Metamath Proof Explorer

Theorem dvdsadd

Description: An integer divides another iff it divides their sum. (Contributed by Paul Chapman, 31-Mar-2011) (Revised by Mario Carneiro, 13-Jul-2014)

Ref Expression
Assertion dvdsadd 
|- ( ( M e. ZZ /\ N e. ZZ ) -> ( M || N <-> M || ( M + N ) ) )

Proof

Step Hyp Ref Expression
1 simpl 
 |-  ( ( M e. ZZ /\ N e. ZZ ) -> M e. ZZ )
2 zaddcl 
 |-  ( ( M e. ZZ /\ N e. ZZ ) -> ( M + N ) e. ZZ )
3 simpr 
 |-  ( ( M e. ZZ /\ N e. ZZ ) -> N e.

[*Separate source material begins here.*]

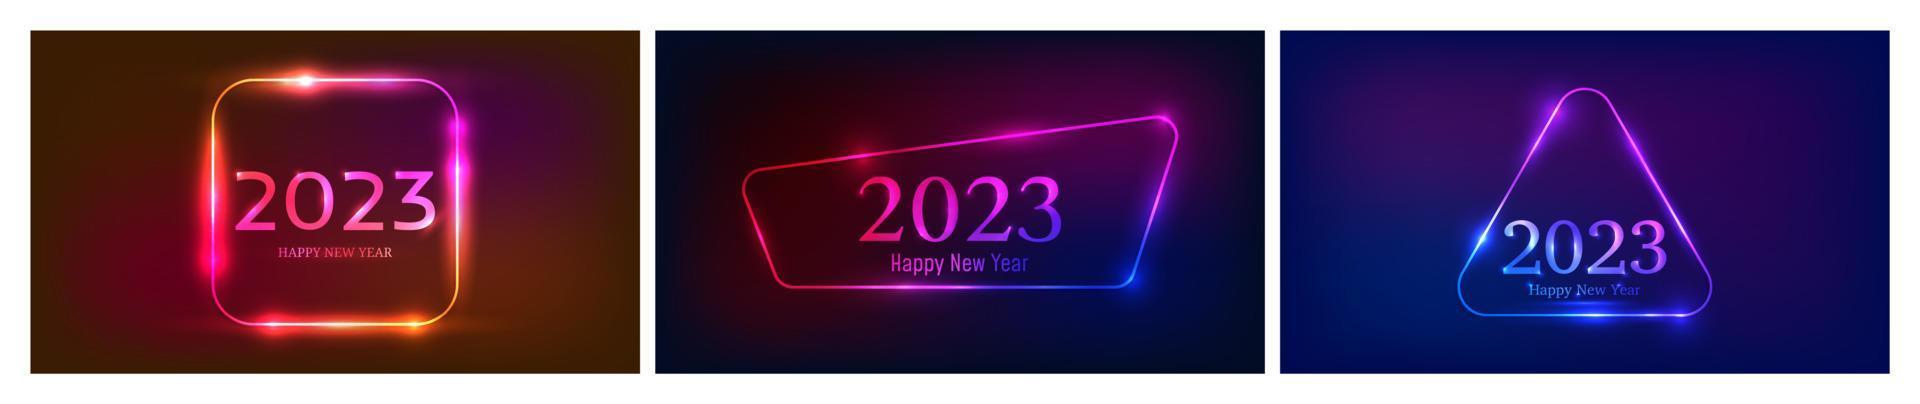 2023 Frohes neues Jahr Neonhintergrund vektor

ZZ )
4 iddvds 
 |-  ( M e. ZZ -> M || M )
5 4 adantr 
 |-  ( ( M e. ZZ /\ N e. ZZ ) -> M || M )
6 zcn 
 |-  ( M e. ZZ -> M e. CC )
7 zcn 
 |-  ( N e. ZZ -> N e. CC )
8 pncan 
 |-  ( ( M e. CC /\ N e. CC ) -> ( ( M + N ) - N ) = M )
9 6 7 8 syl2an 
 |-  ( ( M e. ZZ /\ N e. ZZ ) -> ( ( M + N ) - N ) = M )
10 5 9 breqtrrd 
 |-  ( ( M e. ZZ /\ N e. ZZ ) -> M || ( ( M + N ) - N ) )
11 dvdssub2 
 |-  ( ( ( M e. ZZ /\ ( M + N ) e. ZZ /\ N e. ZZ ) /\ M || ( ( M + N ) - N ) ) -> ( M || ( M + N ) <-> M || N ) )
12 1 2 3 10 11 syl31anc 
 |-  ( ( M e. ZZ /\ N e. ZZ ) -> ( M || ( M + N ) <-> M || N ) )
13 12 bicomd 
 |-  ( ( M e. ZZ /\ N e. ZZ ) -> ( M || N <-> M || ( M + N ) ) )